> _Source material_
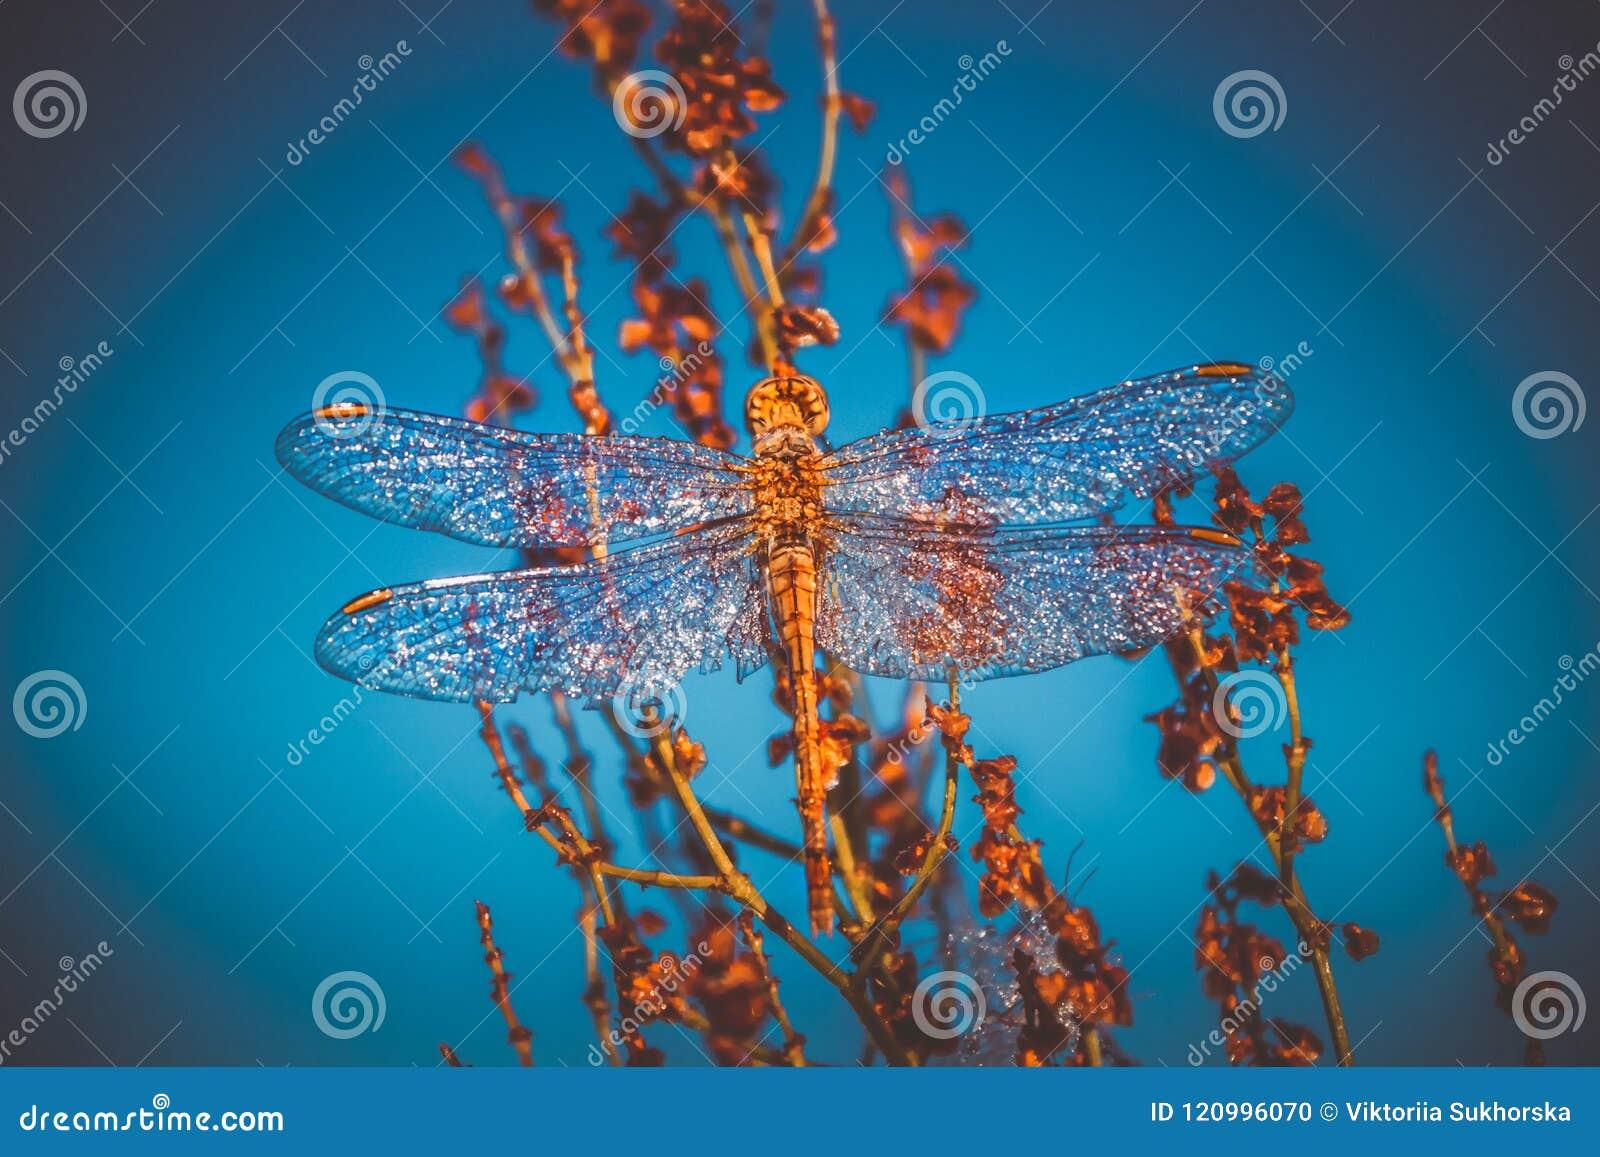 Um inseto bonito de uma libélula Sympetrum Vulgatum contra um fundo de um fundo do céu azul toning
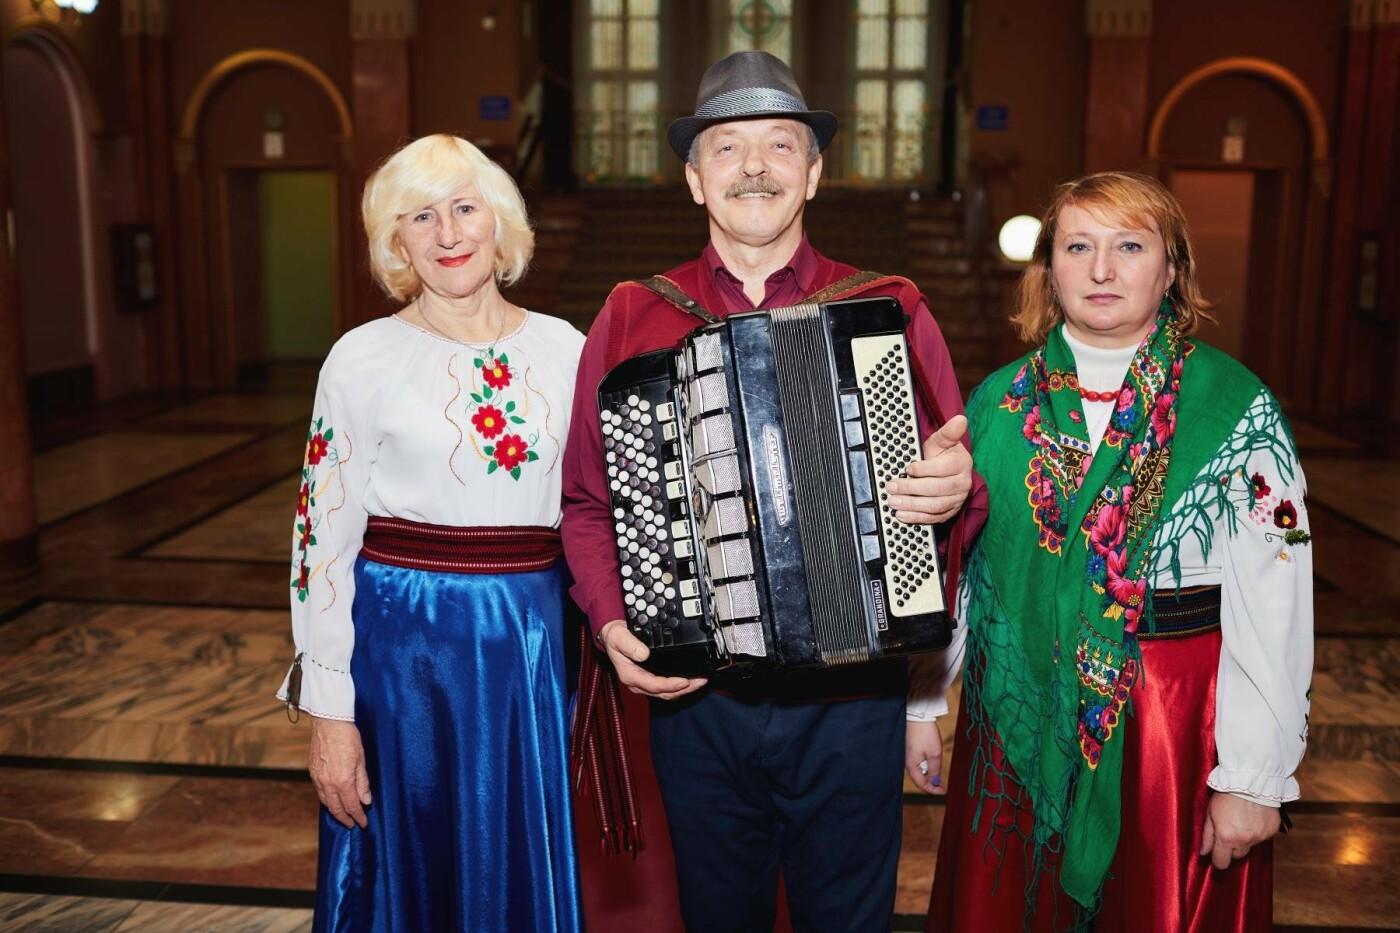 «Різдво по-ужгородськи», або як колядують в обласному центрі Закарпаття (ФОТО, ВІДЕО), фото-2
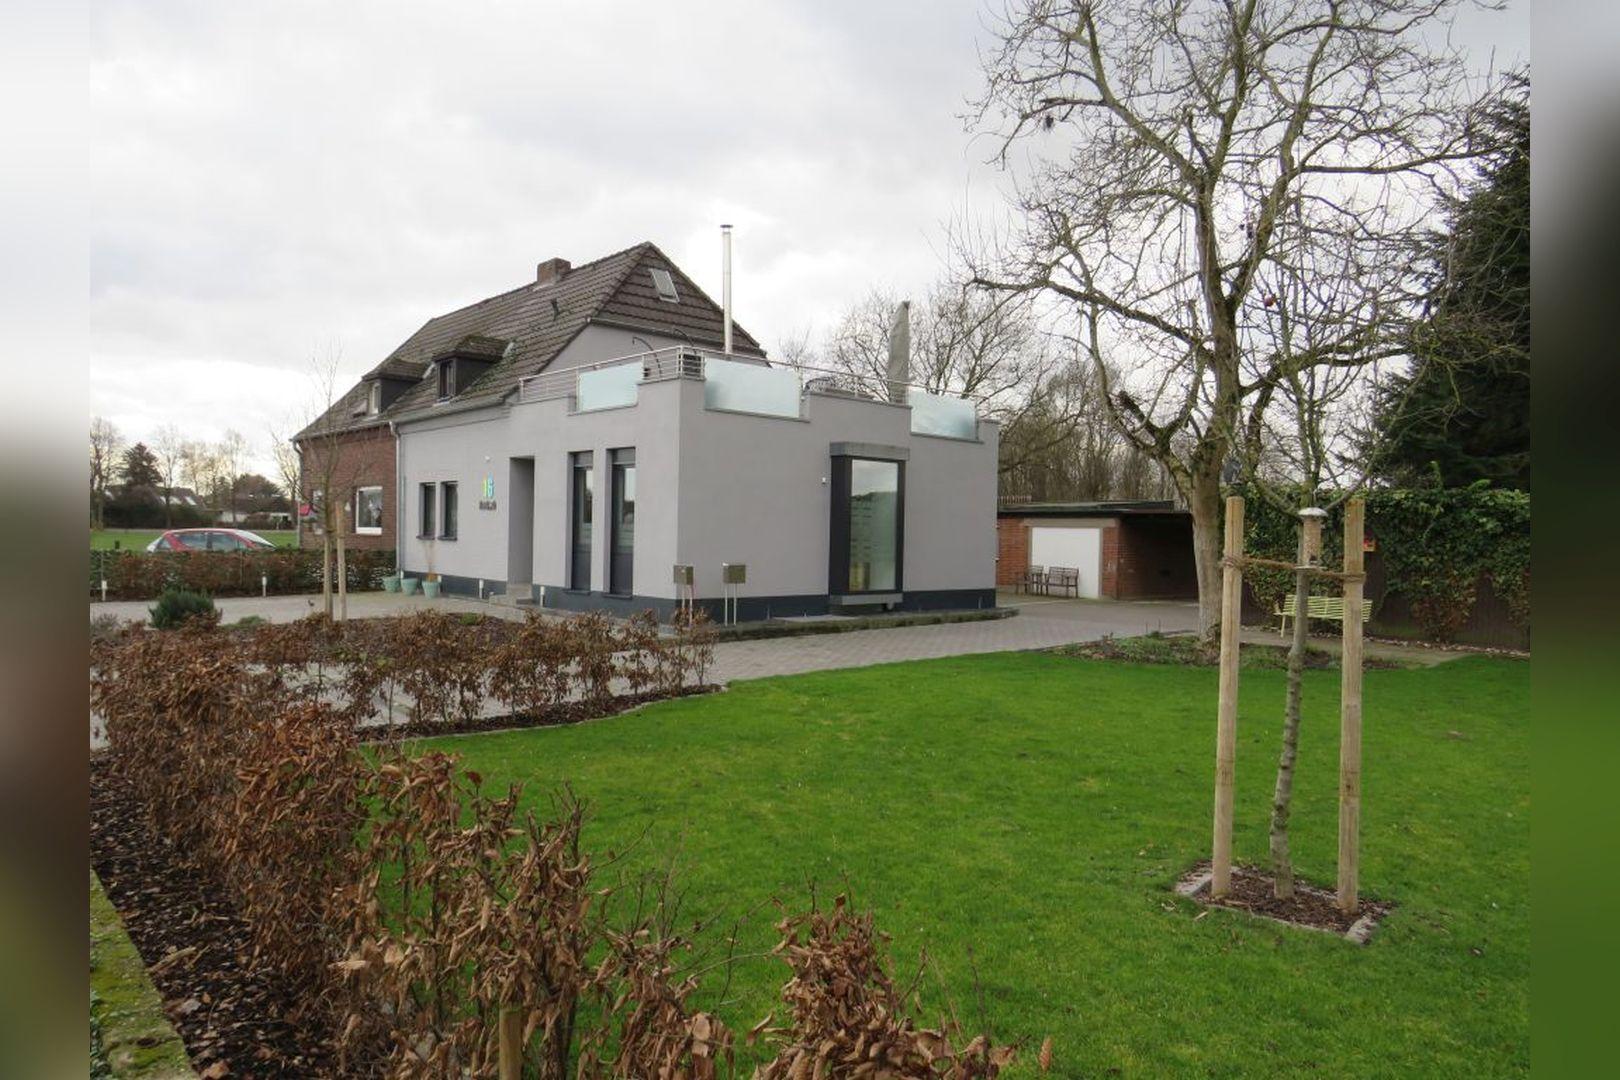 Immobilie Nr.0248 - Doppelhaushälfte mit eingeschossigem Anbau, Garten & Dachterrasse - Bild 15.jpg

--

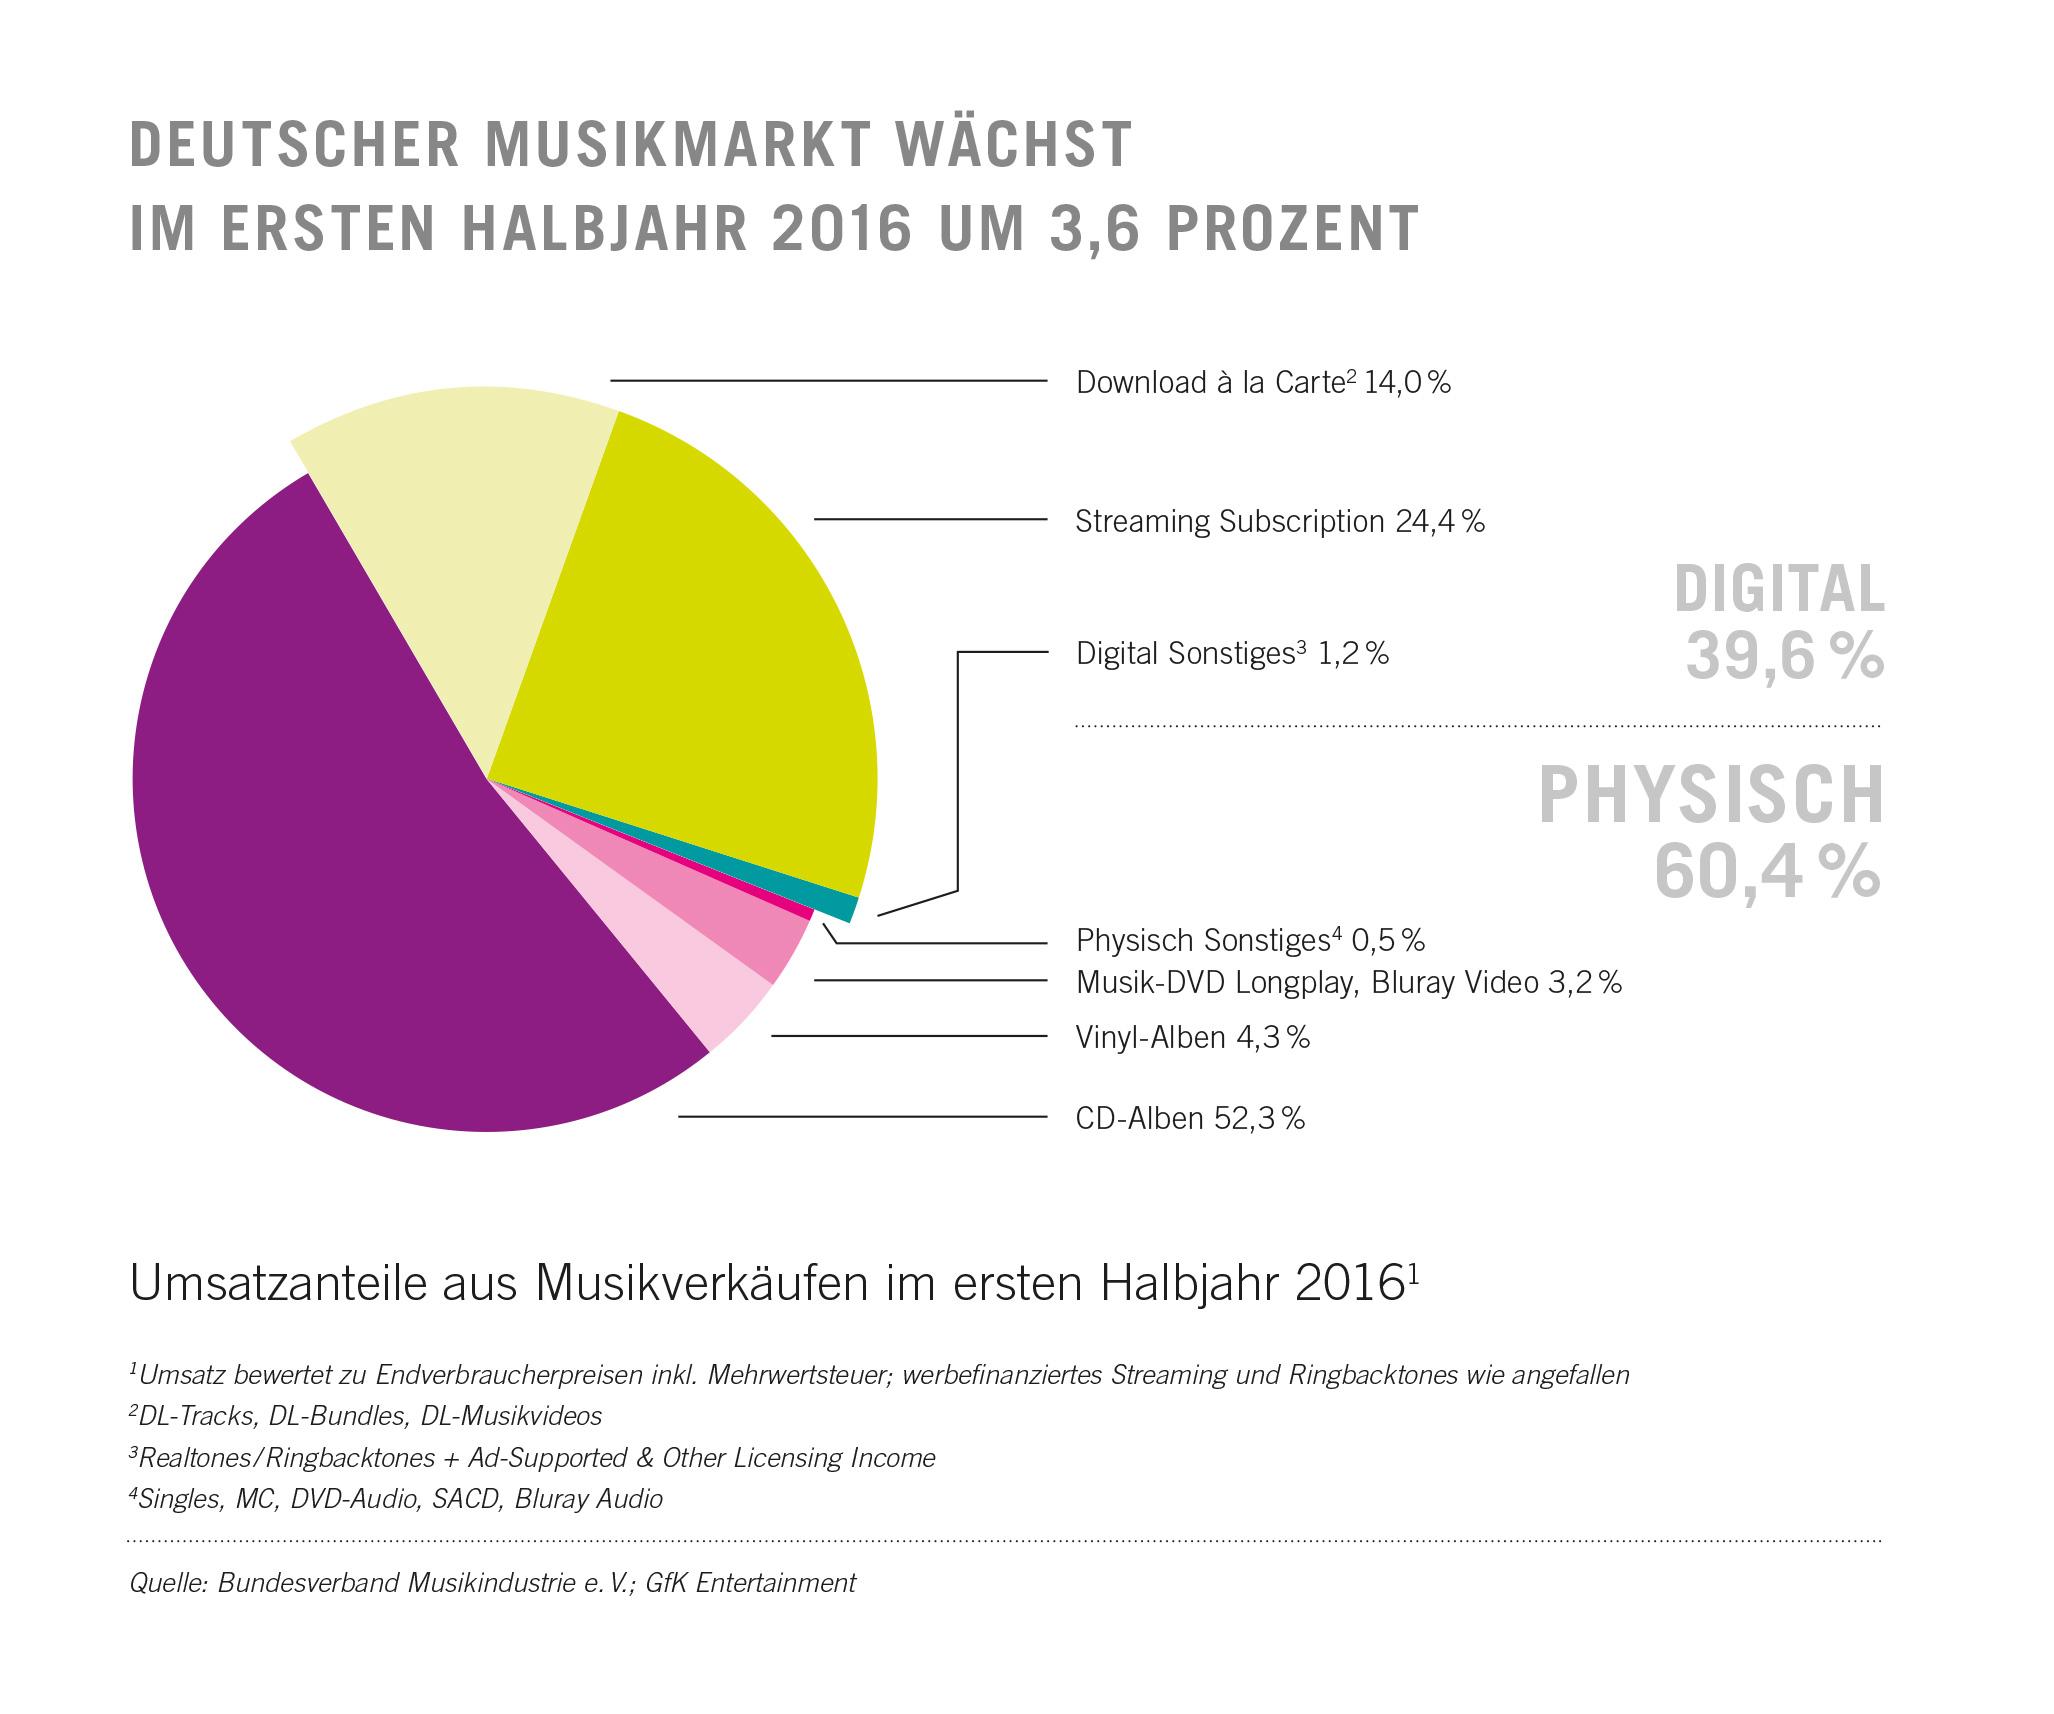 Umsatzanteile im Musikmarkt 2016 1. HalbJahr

==

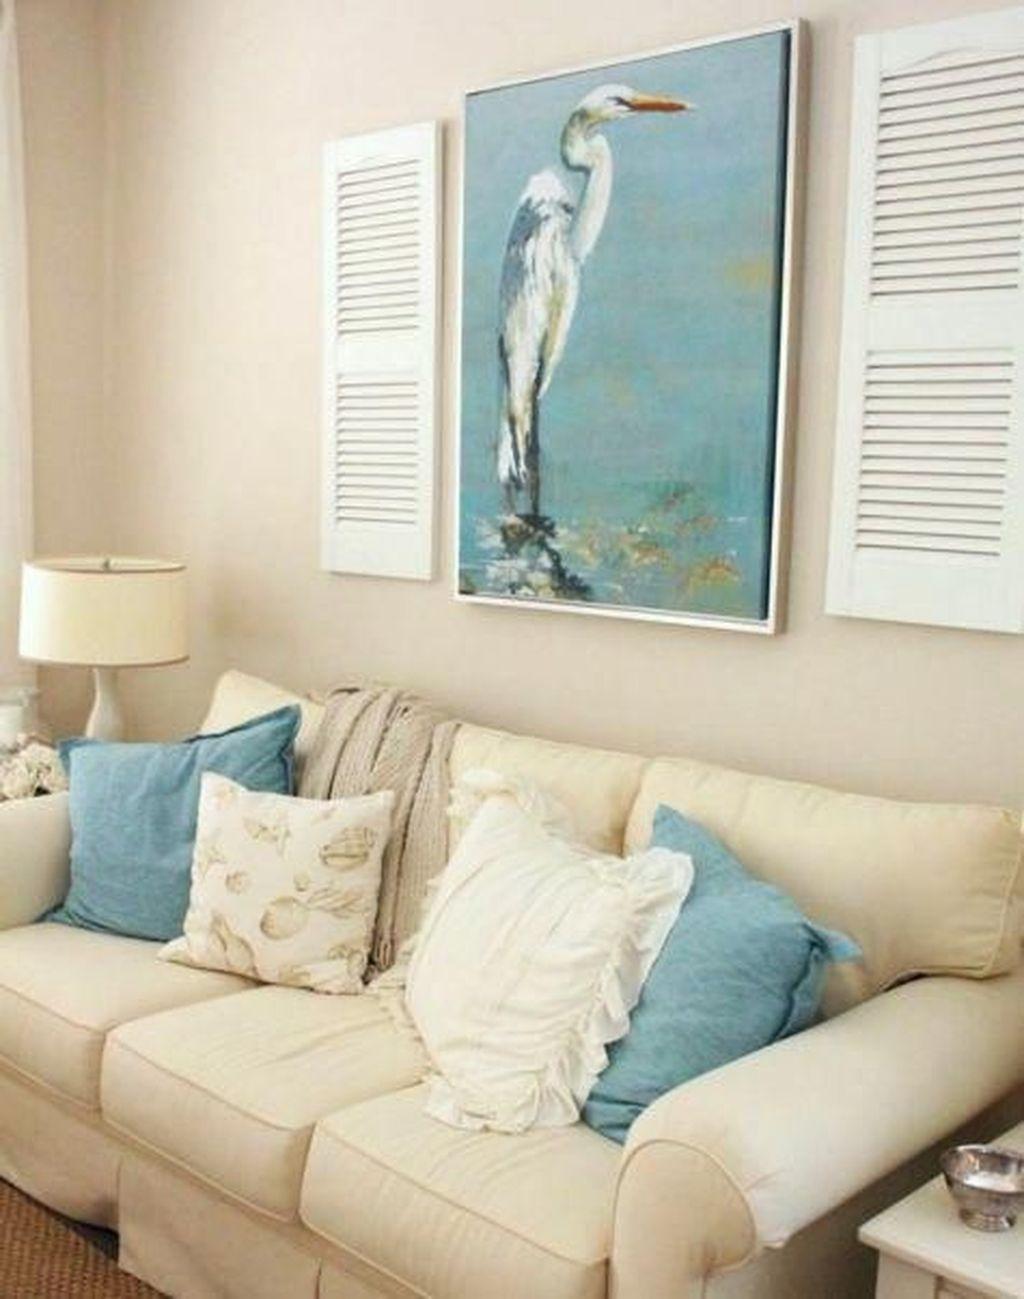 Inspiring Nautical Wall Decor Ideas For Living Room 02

> _Problem requirements_
Using the listing above, restate exactly the range between the lines holding "Um inseto bonito" and "Immobilie Nr.0248 - Doppelhaushälfte", inclusive, with pictures left out.

> _Exercise solution_
 Um inseto bonito de uma libélula Sympetrum Vulgatum contra um fundo de um fundo do céu azul toning
 «Різдво по-ужгородськи», або як колядують в обласному центрі Закарпаття (ФОТО, ВІДЕО), фото-2
 Immobilie Nr.0248 - Doppelhaushälfte mit eingeschossigem Anbau, Garten & Dachterrasse - Bild 15.jpg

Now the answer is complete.